Alla fine anche la politica si è accorta con il conto più salato della riforma potrebbero pagarlo le piccole, le medie imprese e settori come il commercio e il turismo. E il governo- dopo avere quasi convinto i sindacati - si è deciso a cercare una soluzione anche per loro.
Da settimane le Pmi denunciano un aumento eccessivo del costo del lavoro a fronte di prestazioni che a commercianti, artigiani e società di servizi non servono. Negli ultimi giorni, la trattativa tra governo e Pmi si è arenata, tanto che Rete imprese, la confederazione che riunisce Confcommercio, Confartigianato, Confesercenti e Cna e quindi rappresenta 2,6 milioni di imprese e 11 milioni di lavoratori, ha detto che potrebbe disdettare i contratti collettivi di lavoro. Più che una minaccia è un problema di soldi. Nei contratti ci sono misure di welfare a favore dei dipendenti che potrebbero essere tagliate per compensare il costo della riforma, sempre che siano confermate le bozze.
Rete imprese ha preparato un documento di controproposte destinato al ministro del Lavoro. E i nodi riguardano quasi tutte le novità annunciate in questi giorni. Il governo intende penalizzare i contratti a termine con un aumento dei contributi dell’1,4% e questa misura non fa eccezioni per quei settori, come il commercio e il turismo, che hanno dei picchi di attività fisiologici che non possono che essere coperti con questi contratti.Le rigidità che potrebbero essere introdotte nell’apprendistato ( una quota di conversioni in assunzioni per poterne usufruire) colpiscono gli artigiani. Con i nuovi ammortizzatori sociali, poi, gli autonomi che hanno dipendenti rischiano un aumento dei contributi per la disoccupazione dall’attuale 0,18% all’1,2%. E questo a fronte di una prestazione che utilizzerebbero raramente. Oltre al danno, la beffa - spiegava ieri chi ha partecipato in prima persona alla trattativa - perché i nuovi ammortizzatori sono destinati anche ai dipendenti pubblici con contratti a termine.
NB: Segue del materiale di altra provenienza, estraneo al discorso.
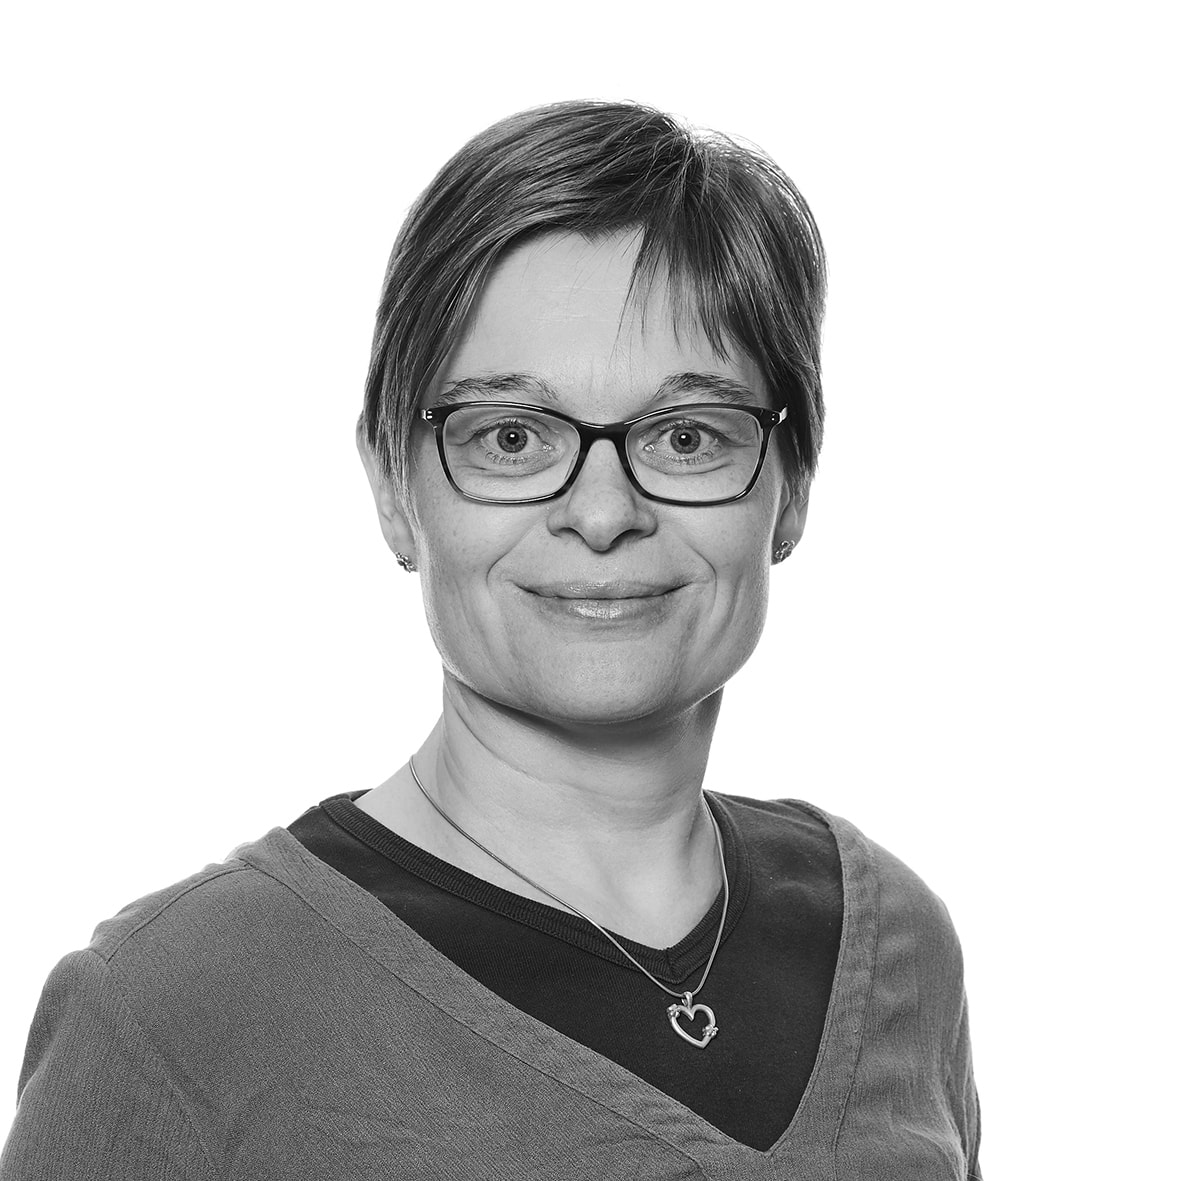 Karina Anna-Helene Flink Sørensen

Ma il ministro Fornero non ha spiegato se anche lo Stato pagherà i contributi extra. Alla fine, insomma, le aziende pagheranno le indennità dei contratti a termine della pubblica amministrazione, che sono sempre di più e rappresentano la quota maggioritaria della nuova precarietà.
Senza contare i nuovi adempimenti e rigidità sui contratti flessibili che non potranno che tradursi in nuova burocrazia per aziende già penalizzate dalle procedure della pubblica amministrazione. Pesa anche il nuovo fondo di solidarietà allo studio del ministero, che dovrebbe coprire la disoccupazione per i settori che non hanno un sussidio.È un po’-spiegava ieri un imprenditore - come farci pagare per sempre la cassa integrazione in deroga che il precedente governo aveva istituito solo per il periodo di crisi.
Su questo fronte è possibile un qualche ammorbidimento. Una marcia indietro il governo non se la può permettere, perché sono in qualche modo la merce di scambio per le modifiche all’articolo 18. Ma ieri, soprattutto dopo il pressing dei partiti di maggioranza, il governo ha deciso di affrontare anche questo nodo.
I tempi sono stretti. Il premier Mario Monti ha annunciato che incontrerà le parti sociali martedì 20 a Palazzo Chigi «per tirare le somme» sulla trattativa. Per allora, quindi, ci sarà il pacchetto complessivo con il piano del governo. Che potrebbe essere molto diverso rispetto alle anticipazioni uscite in questi giorni. Anche sull’articolo 18 ieri sono proseguiti i contatti tra i leader delle confederazioni sindacali e il governo. Diplomazia fuori dai riflettori che potrebbe portare novità, anche sul capitolo costo del lavoro.
Dalla parte delle piccole imprese ieri si è schierato un pezzo importante di maggioranza. Il Pdl in particolare, con il segretario Angelino Alfano e con l’ex ministro del Lavoro Maurizio Sacconi che parlando al convegno di commemorazione di Marco Biagi a dieci anni dalla morte- ha chiesto al governo di «non fare crescere il costo del lavoro». Il dissenso di Rete imprese «non può non destare preoccupazione» perché poi «sono le imprese che devono assumere ». Con le Pmi anche l’Udc Pier Ferdinando Casini, che generalmente non critica decisioni dell’esecutivo, ma che ieri non ha potuto non osservare come le Pmi rischiano di essere «colpite oltremisura ».